Prompt: Make an exact copy of the whole listing, but leave its pictures out.

Given material:
═══
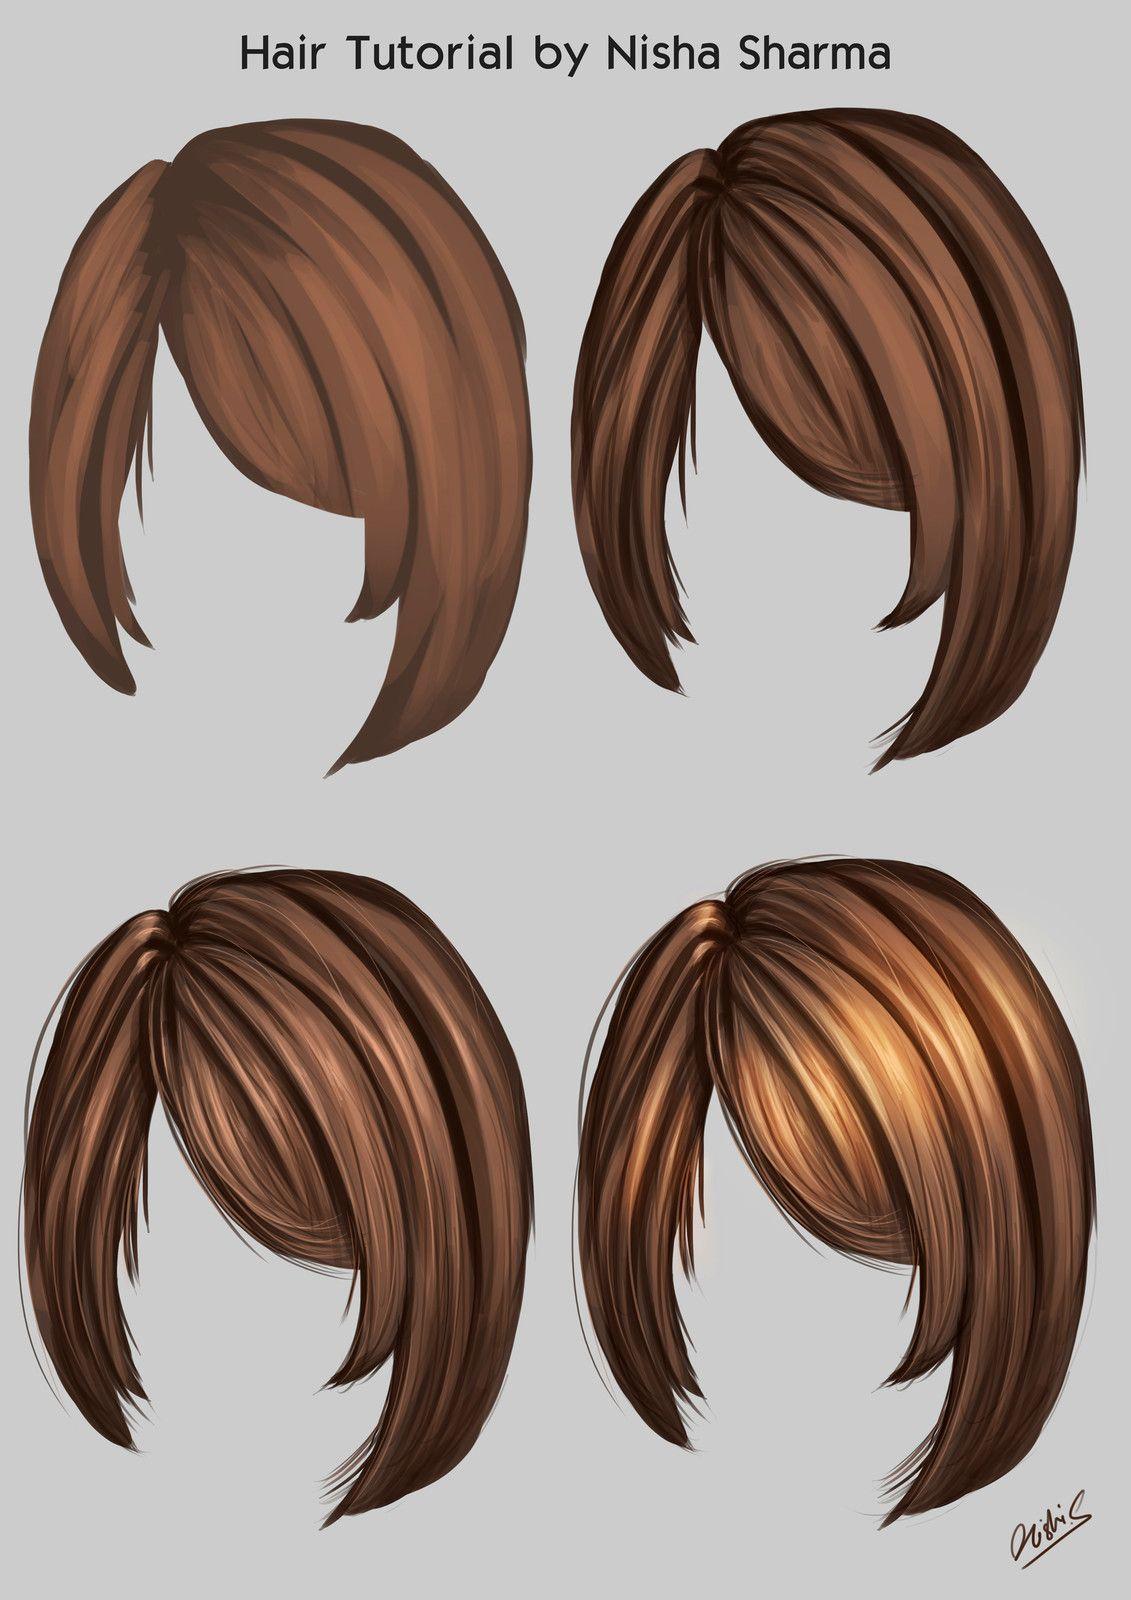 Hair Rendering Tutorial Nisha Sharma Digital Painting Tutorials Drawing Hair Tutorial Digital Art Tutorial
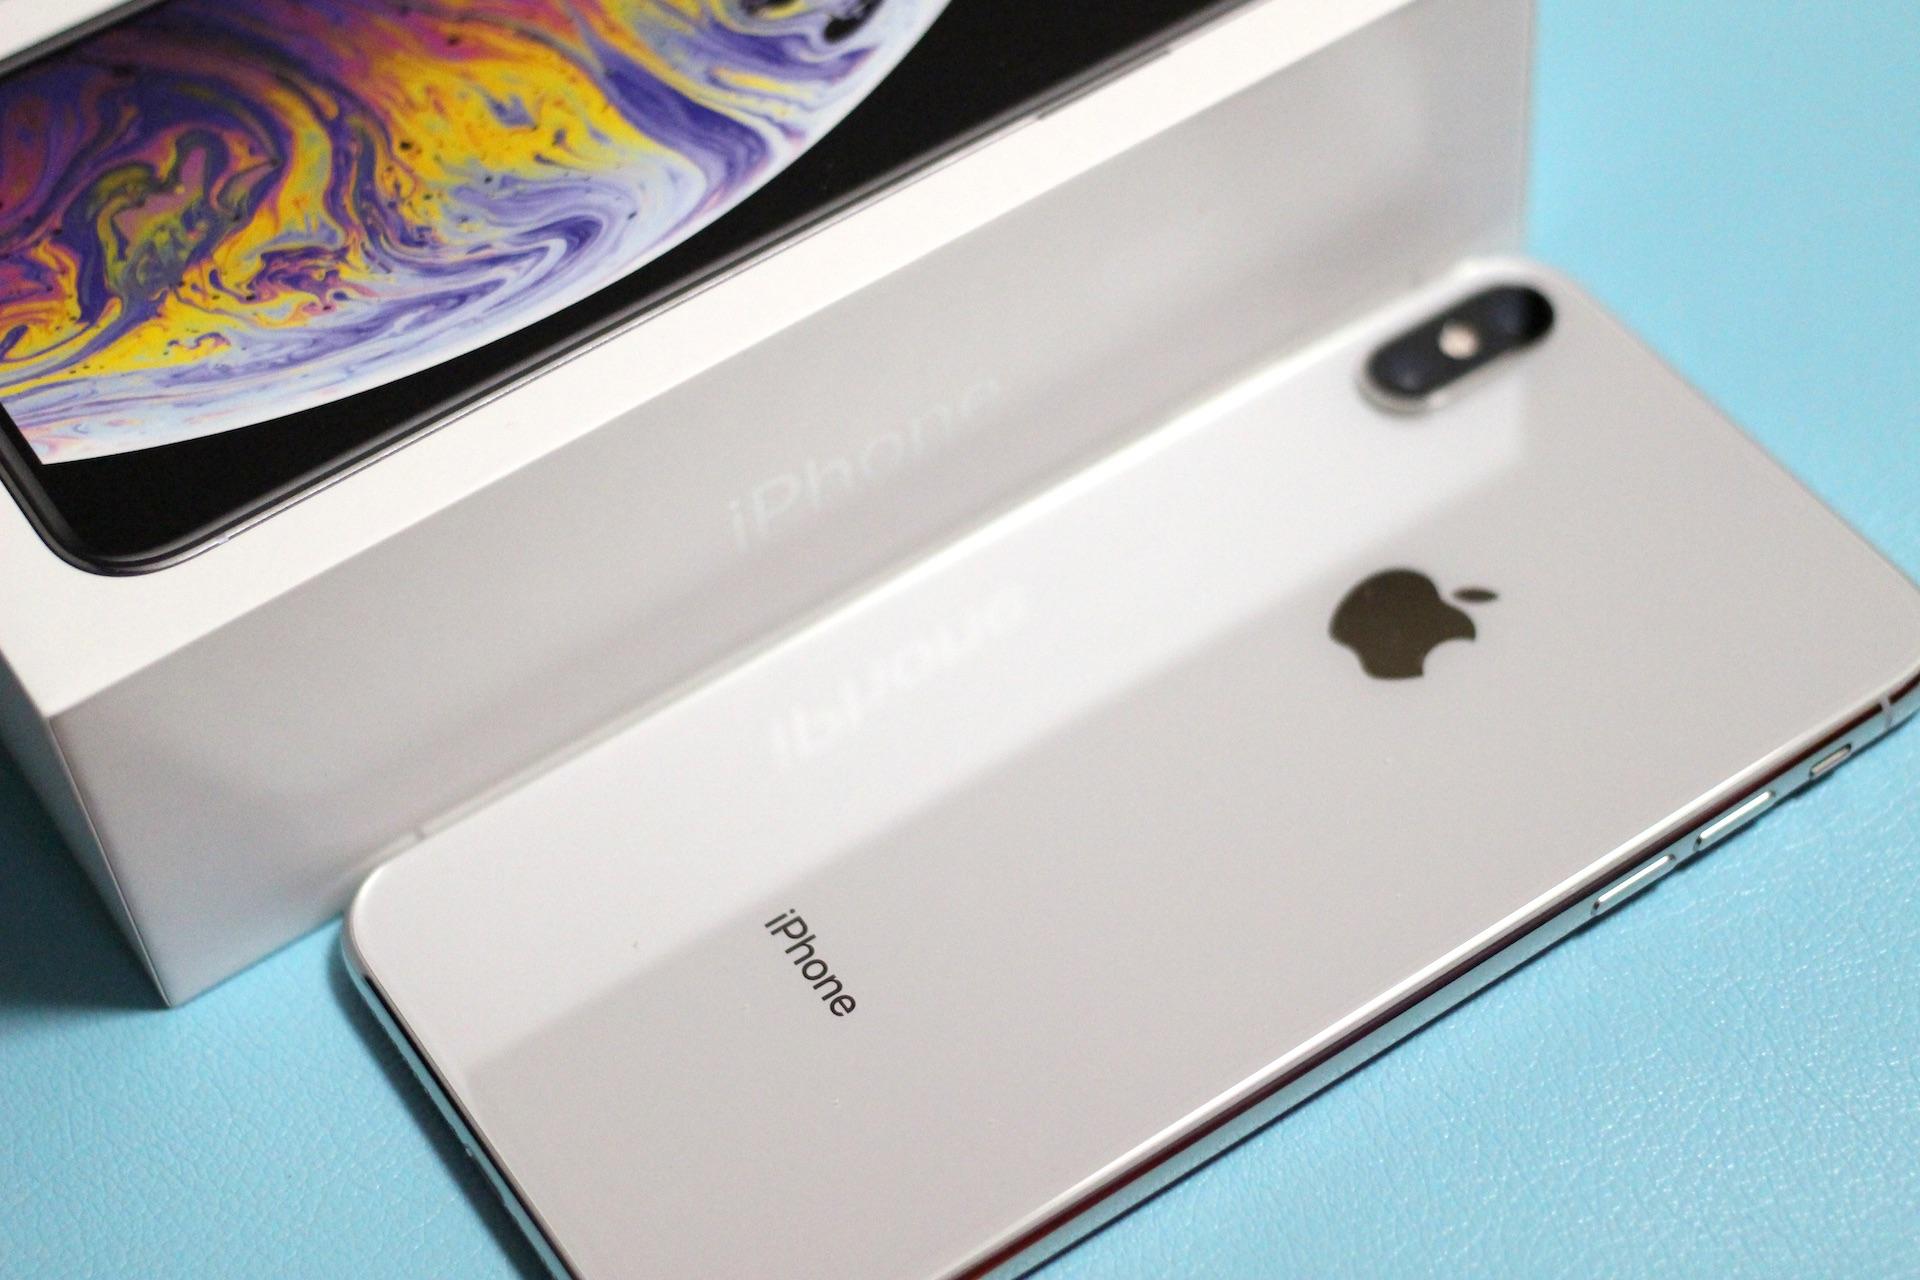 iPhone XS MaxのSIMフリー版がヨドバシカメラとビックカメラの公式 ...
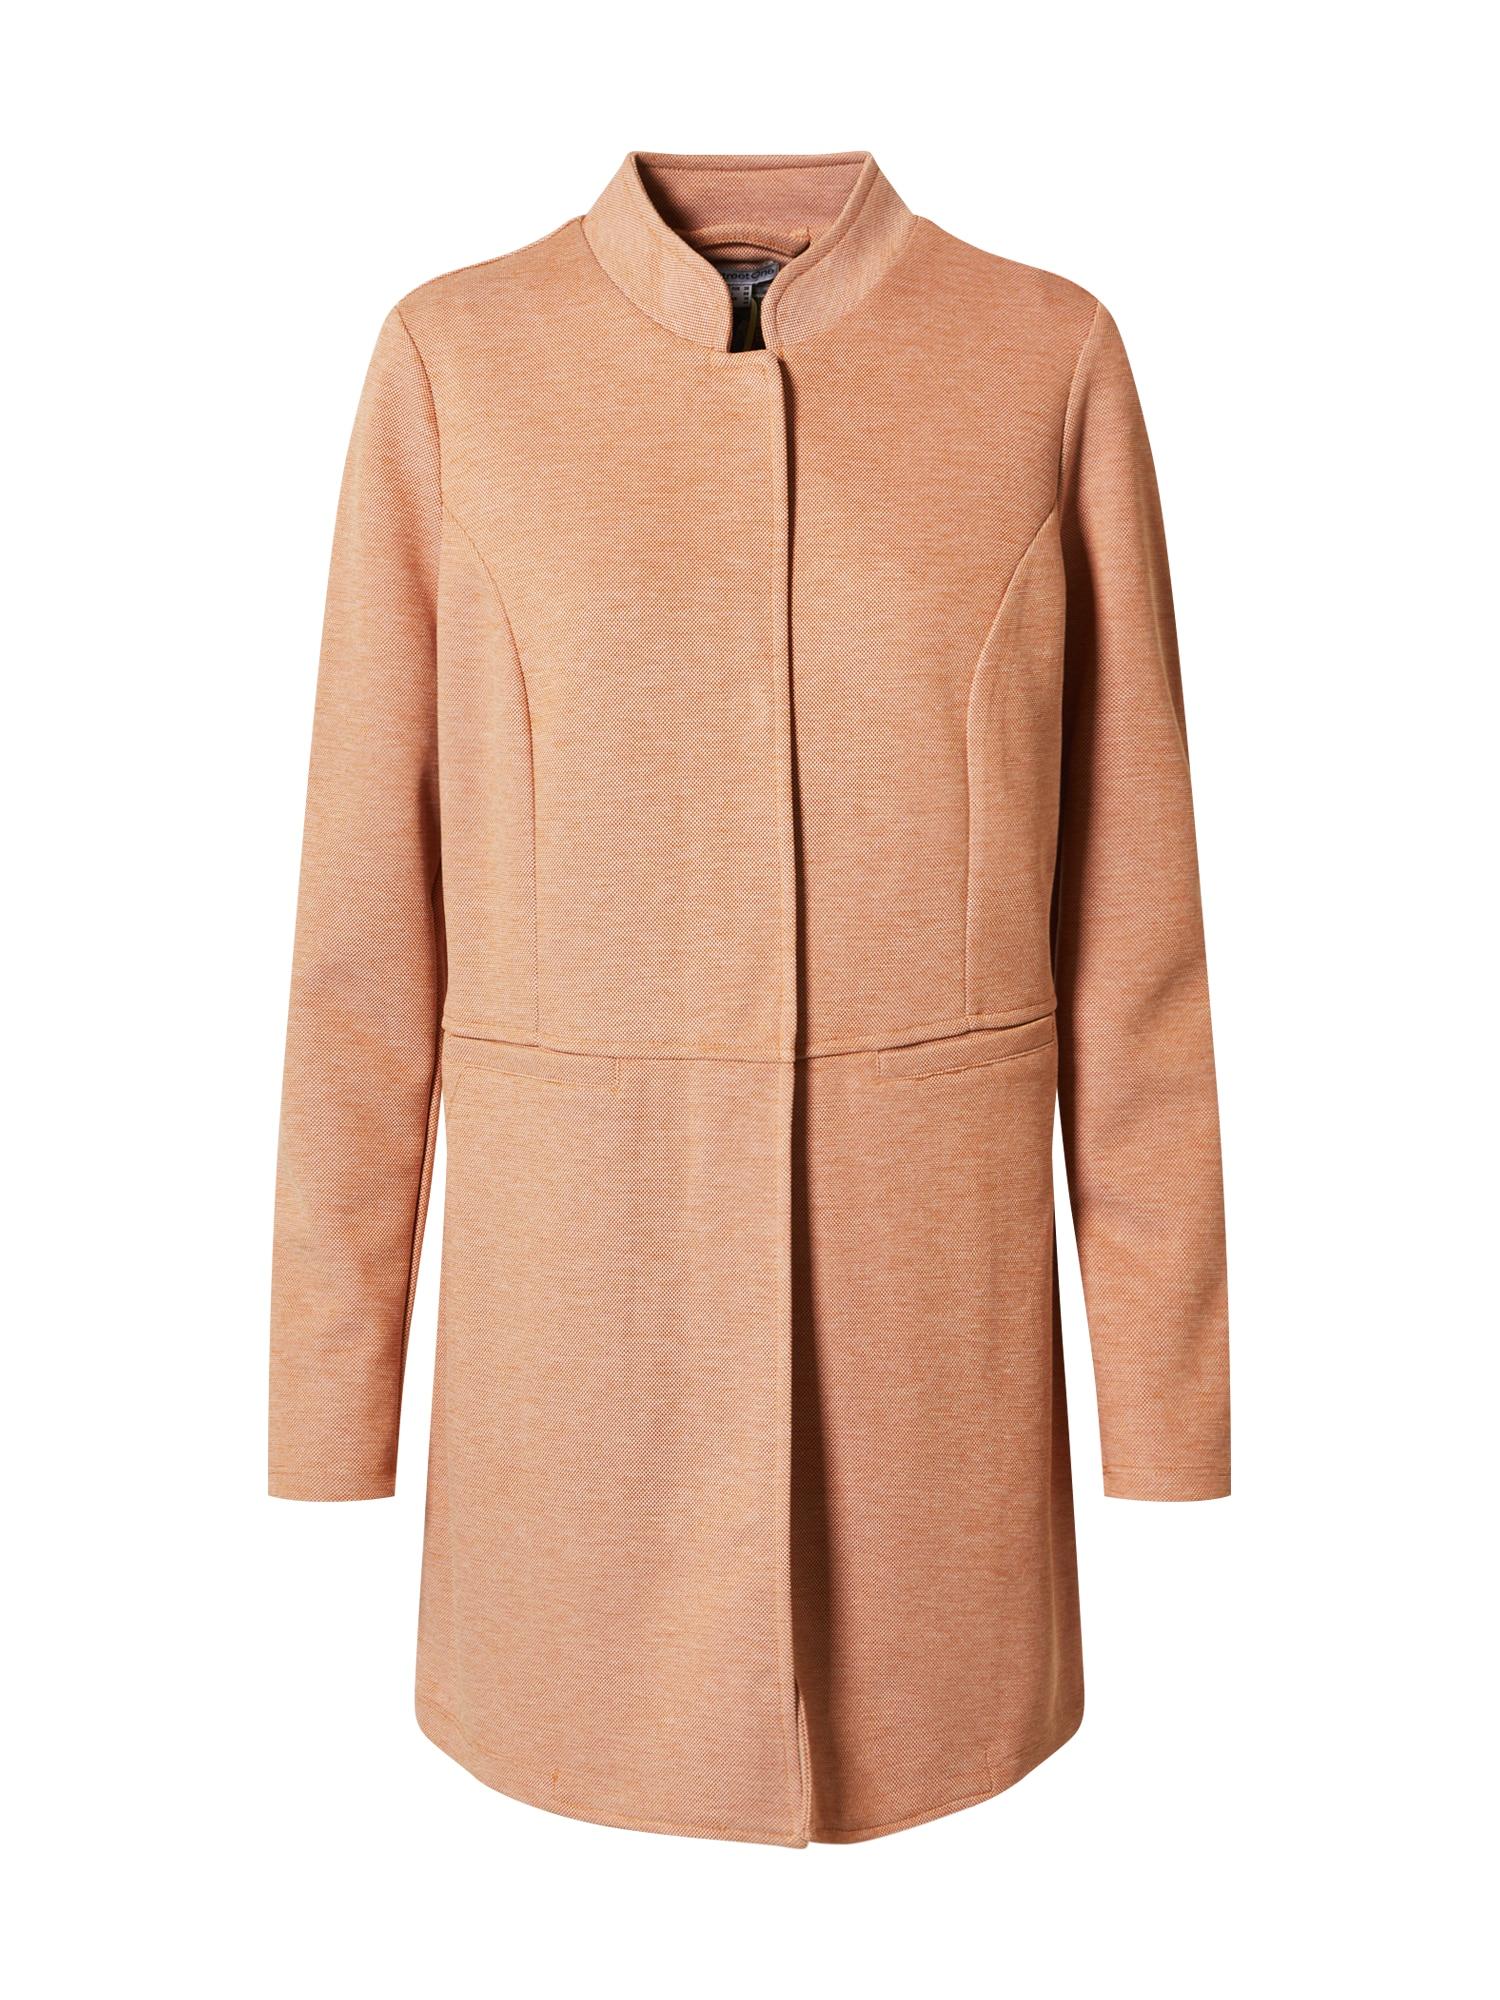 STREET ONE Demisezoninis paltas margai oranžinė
═══
Exercise output:
 Hair Rendering Tutorial Nisha Sharma Digital Painting Tutorials Drawing Hair Tutorial Digital Art Tutorial
 iPhone XS MaxのSIMフリー版がヨドバシカメラとビックカメラの公式 ...
 STREET ONE Demisezoninis paltas margai oranžinė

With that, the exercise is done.